A decision tree is enhanced with the aid of weak learners, or stumps, which each have one node and two leaves [26]. Classification is made possible by AdaBoost’s use of several stumps. As the preceding stump makes errors, so does the next one, and so on. Weights are allocated to each sample in the database. After generating the first stump, these weights will vary to guide the creation of the second stump.

6.3. Decision Tree (DT)

A decision tree is a straightforward model for classifying data. It is supervised machine learning where the data are continuously split according to a specific parameter. The components of a decision tree are:
  • Nodes: Check the value of a particular feature.
  • Edges/Branch: Connect to the next node or leaf based on the results of a test.
  • Leaf nodes/Terminal nodes: The nodes produce the final predict result.
The decision variable is categorical/discrete for classification tasks. A procedure called binary recursive partitioning is used to create such a tree. This method involves separating the data into divisions and then further splitting it up on each branch. The data are divided using the decision method based on the characteristic that yields the most information gain (IG) (reduction in uncertainty towards the final decision).
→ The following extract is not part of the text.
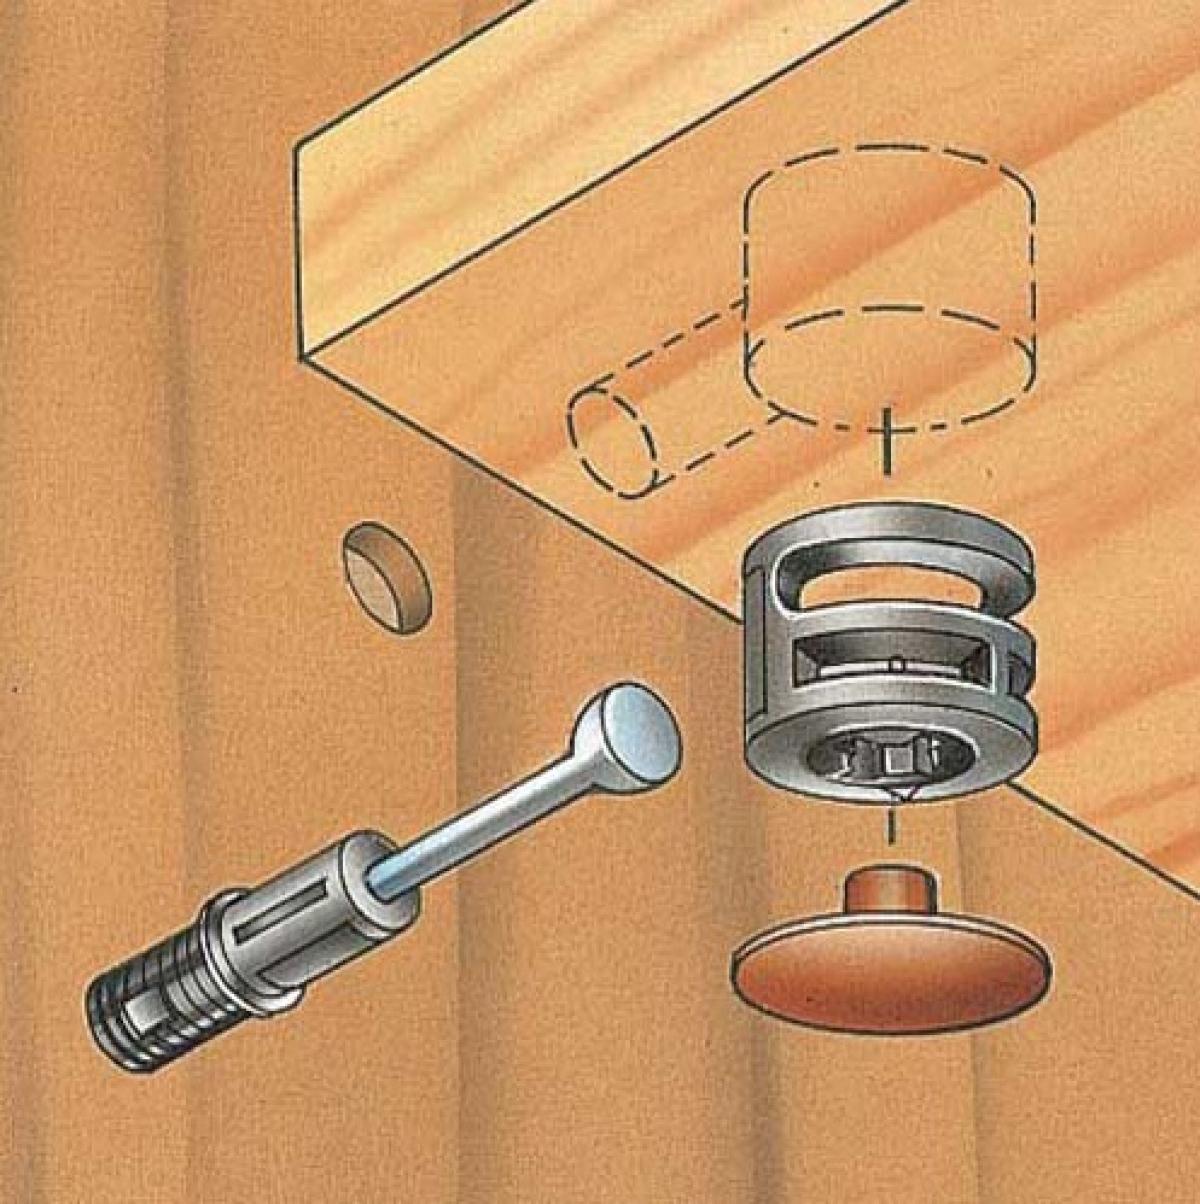 Мебельные эксцентриковые стяжки: плюсы и минусы крепежа, разновидности

This splitting operation is performed at each child node iteratively until the leaves are pure [27].

6.4. K-Nearest Neighbor (KNN)

Classification issues are the most common application for the k-Nearest Neighbor method, which comes under the category of supervised learning. KNN predicts a class or continuous value for a new data point based on the K nearest neighbors (data points). Nearest neighbors are those data points closest in feature space to latest data point, defined by K nearest neighbors. Each unique data point looks for the k closest neighbors and then gives a class label to all of those K Nearest Neighbors, then used as a predicted class for the newly data point [28].

6.5. Naive Bayes

In binary and multi-class classification issues, Naive Bayes is a typical technique. The fundamental concept is that each feature contributes equally and independently to the outcome. It is assumed that each result has a conditional probability. When dealing with categorical input variables, it does better than when dealing with numerical input variables. Classifying the test data is a rapid and straightforward process. The Naive Bayes classifier performs better and requires smaller training examples than other models such as logistic regression [29].

6.6. Light Gradient Boosting Machine (LightGBM)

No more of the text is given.